*Activity*.
For the data below, restate word for word only the lines from the line containing "Premium Leather Snowmobile" through the line containing "A fiberglass attic insulation upgrade pays.", both ends included.

Extracted records

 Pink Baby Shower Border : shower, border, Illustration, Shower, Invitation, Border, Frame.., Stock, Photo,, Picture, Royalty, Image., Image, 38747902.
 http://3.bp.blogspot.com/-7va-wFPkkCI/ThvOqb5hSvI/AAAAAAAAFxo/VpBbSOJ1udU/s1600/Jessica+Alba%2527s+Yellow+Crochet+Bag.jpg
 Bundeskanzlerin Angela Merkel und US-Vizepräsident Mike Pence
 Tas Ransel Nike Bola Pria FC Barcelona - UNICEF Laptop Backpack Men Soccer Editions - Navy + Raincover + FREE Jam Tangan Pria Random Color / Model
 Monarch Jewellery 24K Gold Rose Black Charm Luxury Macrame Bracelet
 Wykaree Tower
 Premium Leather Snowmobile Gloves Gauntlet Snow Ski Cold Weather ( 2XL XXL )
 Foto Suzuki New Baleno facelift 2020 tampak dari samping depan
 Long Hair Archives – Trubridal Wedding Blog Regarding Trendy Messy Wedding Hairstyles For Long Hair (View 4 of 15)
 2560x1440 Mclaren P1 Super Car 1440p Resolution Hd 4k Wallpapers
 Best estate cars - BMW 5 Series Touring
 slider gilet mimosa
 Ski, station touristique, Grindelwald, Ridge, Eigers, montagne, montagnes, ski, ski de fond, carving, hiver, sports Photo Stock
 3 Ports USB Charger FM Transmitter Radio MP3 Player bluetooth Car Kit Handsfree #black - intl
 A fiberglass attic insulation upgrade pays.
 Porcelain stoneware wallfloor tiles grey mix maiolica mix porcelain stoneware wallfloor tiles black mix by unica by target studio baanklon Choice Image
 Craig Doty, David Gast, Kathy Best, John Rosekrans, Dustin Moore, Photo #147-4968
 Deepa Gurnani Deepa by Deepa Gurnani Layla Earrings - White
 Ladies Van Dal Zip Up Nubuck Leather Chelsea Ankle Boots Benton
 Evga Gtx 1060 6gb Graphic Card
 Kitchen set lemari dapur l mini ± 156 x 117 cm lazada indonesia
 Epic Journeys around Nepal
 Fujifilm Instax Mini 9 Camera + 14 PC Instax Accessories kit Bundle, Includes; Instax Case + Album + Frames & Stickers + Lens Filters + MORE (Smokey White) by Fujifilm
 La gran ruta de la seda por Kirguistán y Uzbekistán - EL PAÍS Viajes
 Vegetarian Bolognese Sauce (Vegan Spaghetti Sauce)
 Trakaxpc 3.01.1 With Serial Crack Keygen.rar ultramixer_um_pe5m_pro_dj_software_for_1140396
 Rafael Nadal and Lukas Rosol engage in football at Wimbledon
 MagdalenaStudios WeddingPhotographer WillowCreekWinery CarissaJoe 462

*Task result*.
 Premium Leather Snowmobile Gloves Gauntlet Snow Ski Cold Weather ( 2XL XXL )
 Foto Suzuki New Baleno facelift 2020 tampak dari samping depan
 Long Hair Archives – Trubridal Wedding Blog Regarding Trendy Messy Wedding Hairstyles For Long Hair (View 4 of 15)
 2560x1440 Mclaren P1 Super Car 1440p Resolution Hd 4k Wallpapers
 Best estate cars - BMW 5 Series Touring
 slider gilet mimosa
 Ski, station touristique, Grindelwald, Ridge, Eigers, montagne, montagnes, ski, ski de fond, carving, hiver, sports Photo Stock
 3 Ports USB Charger FM Transmitter Radio MP3 Player bluetooth Car Kit Handsfree #black - intl
 A fiberglass attic insulation upgrade pays.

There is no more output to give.